For the purposes of this appeal, the operative provision of the rental agreement provides that Austin will indemnify Bison for "all losses, liabilities * * * and expenses arising out of the use or possession of the vehicle". Read alone, this clause clearly obligates Austin on the loss in this case because it arose from Austin's use of the truck rented from Bison.
This indemnification clause, however, may not be read alone, but, instead, must be read as part of the whole rental contract, and each part of the contract must be interpreted so that all of its terms are given a reasonable meaning and effect (Weiss v Weiss, 52 N.Y.2d 170, 174; Rentways, Inc. v O'Neill Milk Cream Co., 308 N.Y. 342, 347; Interested Underwriters v Ducor's Inc., 103 A.D.2d 76, 78; Robshaw v Health Mgt., 98 A.D.2d 986, appeal dismissed 62 N.Y.2d 942). To this end, that portion of the rental agreement which provides for vehicle insurance becomes critical. This provision of the agreement requires Bison to obtain insurance coverage for persons using a rental vehicle with its permission in accordance with the standard provisions of an automobile liability insurance policy with certain stated amounts. The insurance clause of the rental agreement further provides, "[t]o the extent permitted by law, coverage hereunder is primary with respect to any other insurance which may be available to the customer [Austin]" (emphasis supplied). Read literally, the two clauses would appear to cancel each other out, but such a result need not obtain. The clauses of the rental agreement are readily harmonized by holding that Bison agreed to provide primary liability coverage, and Austin agreed to indemnify Bison for losses which exceeded Bison's primary insurance coverage. This result, establishing the relative obligations of the parties to the rental agreement, is wholly consistent with the ranking of priorities of insurance policies available to the same parties already established by this court (Aetna Cas. Sur. Co. v Liberty Mut. Ins. Co., supra). To hold otherwise under the facts of this case, would violate the established rule that an insurer has no right of subrogation against its insured under the same policy (see, Hartford Acc. Indem. Co. v Michigan Mut. Ins. Co., 61 N.Y.2d 569; Schwartz v Lipkin Son, 76 A.D.2d 141). "Austin was a rentee of Bison. As such, it is an additional insured under the Liberty Mutual policy" (Aetna Cas. Sur. Co. v Liberty Mut. Ins. Co., supra, p. 321).

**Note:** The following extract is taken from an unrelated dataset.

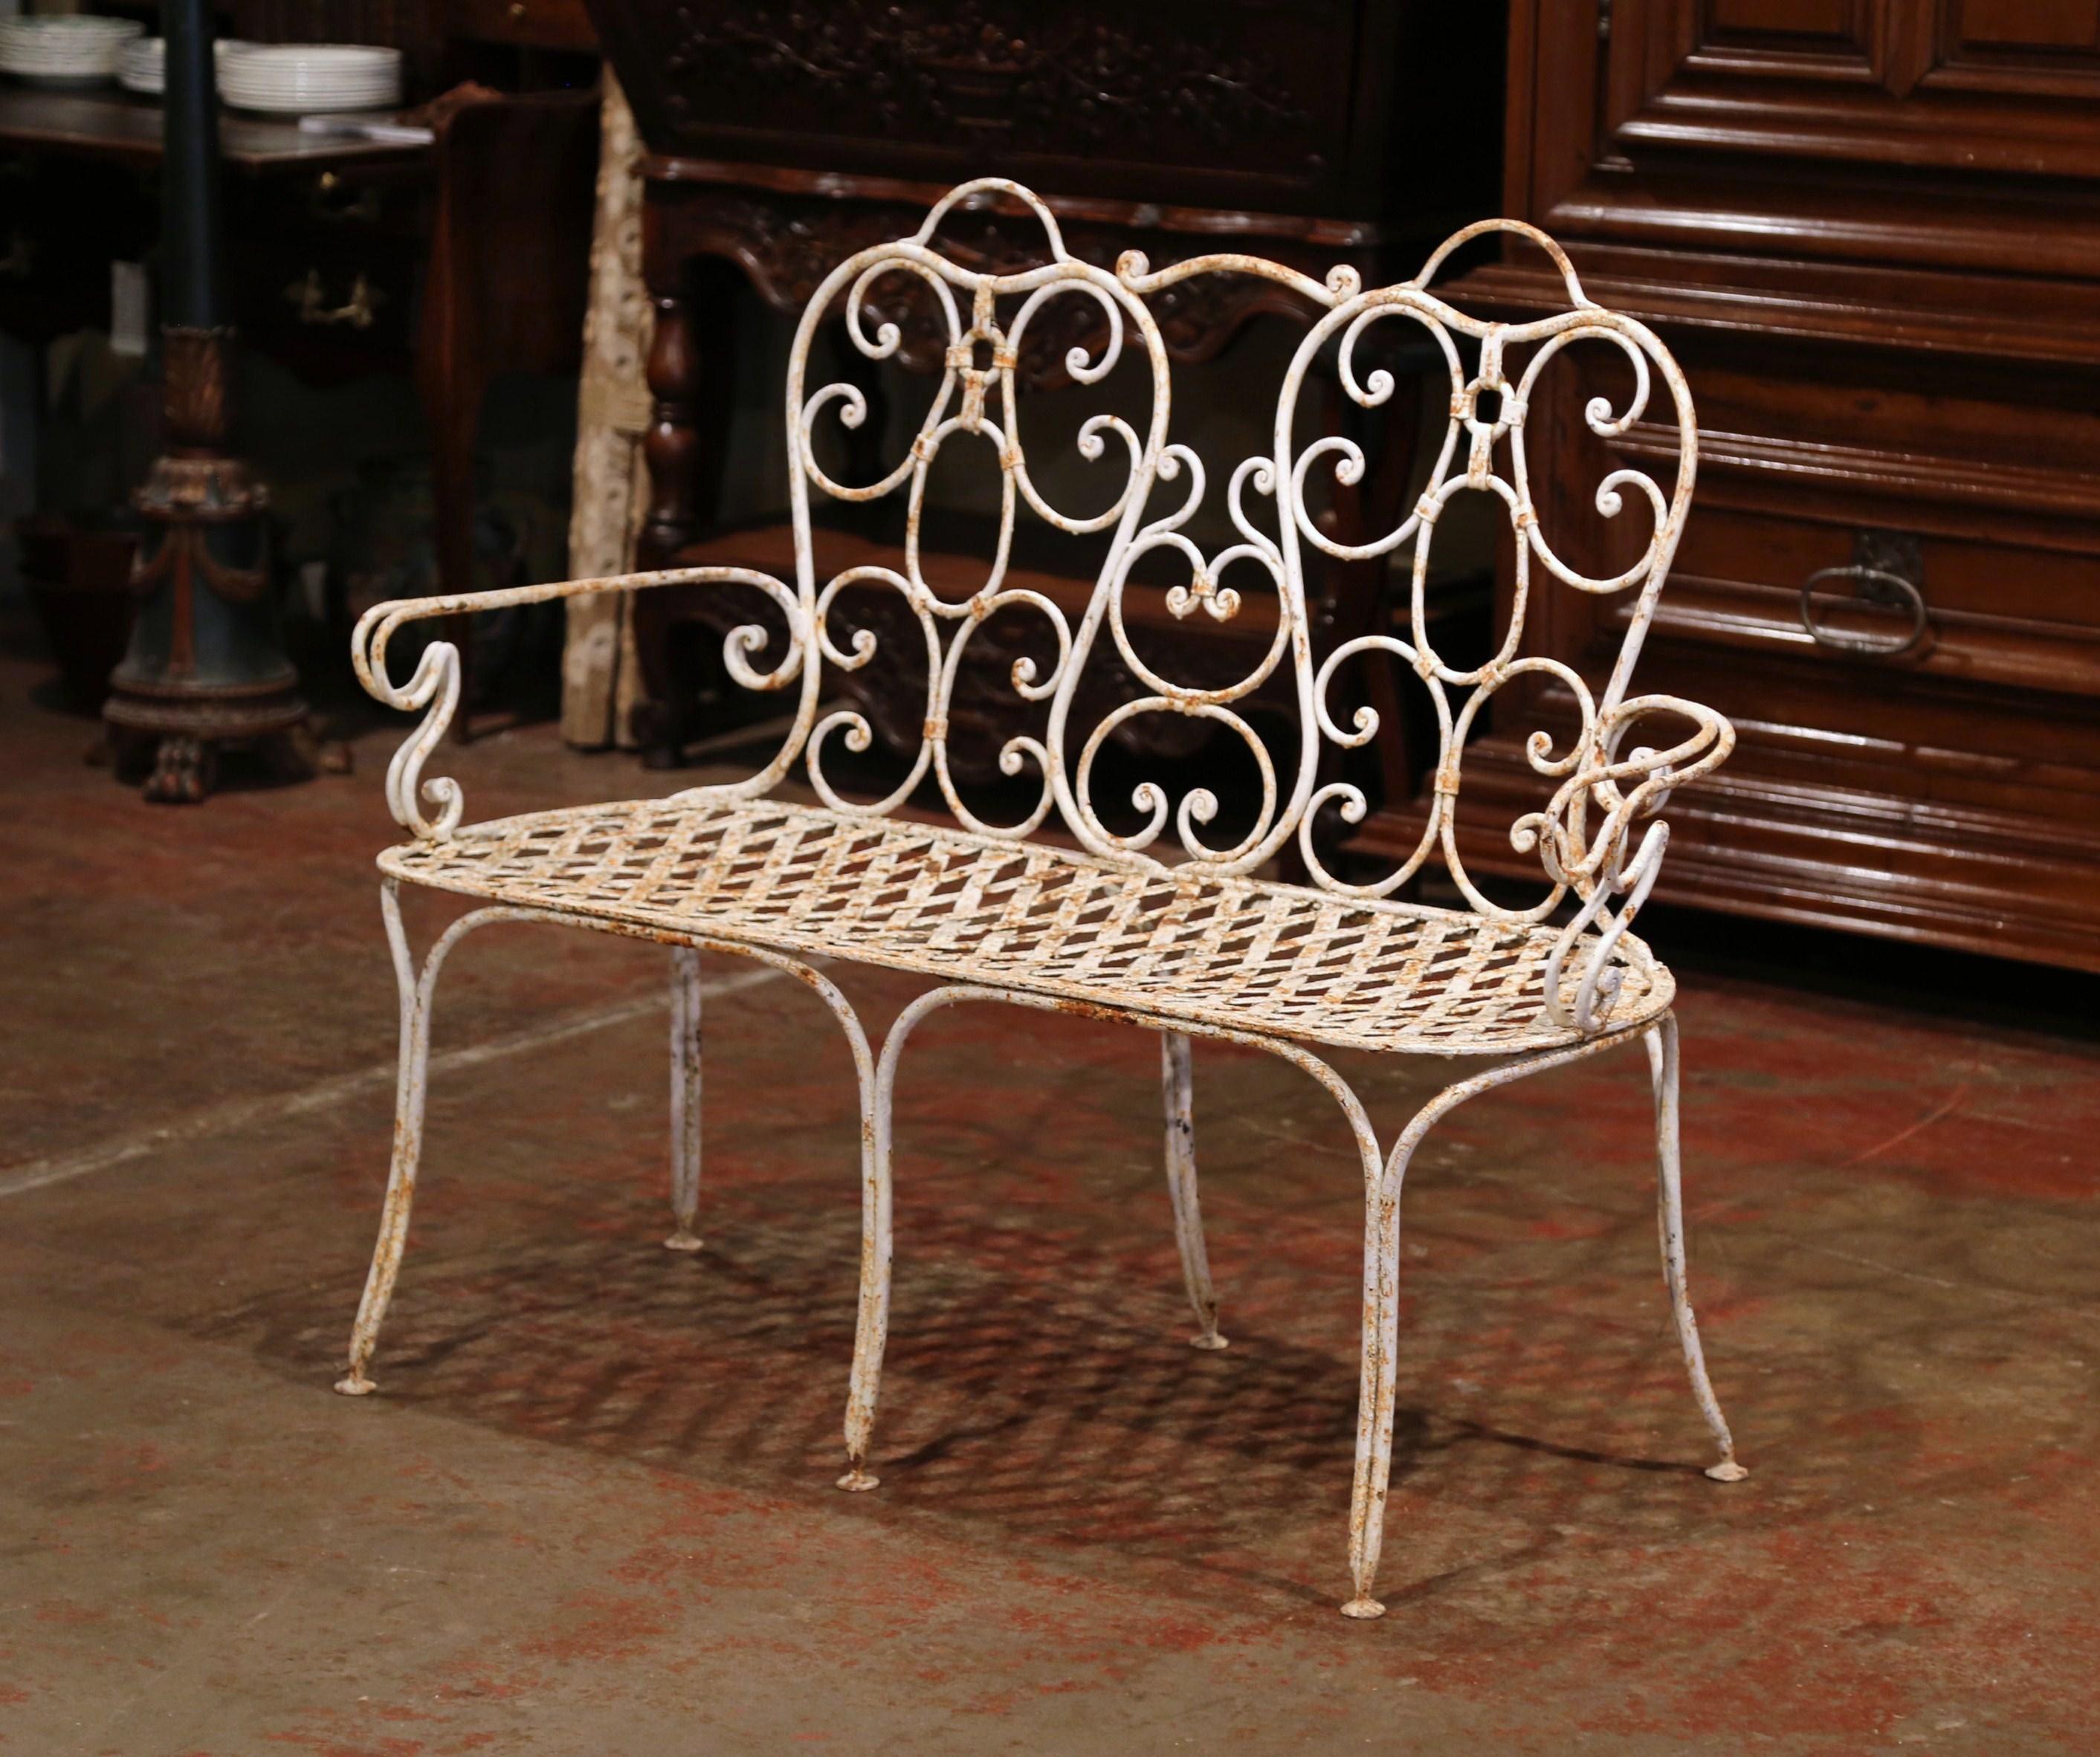 19th Century French Scroll Painted Iron Six-Leg Garden Bench from Normandy 2

That Austin also carries insurance for contractual liability under the terms of Aetna's comprehensive general liability policy (which we did not rank in our prior decision) does not change the result here. The fact that Austin has chosen to purchase contractual liability insurance does not change the fact that it is an additional insured under Liberty's primary policy issued to Bison, as previously determined by this court. Since the claim asserted in the instant action falls far short of the limits of the primary coverage, we need not address the issue of the possible involvement of this policy.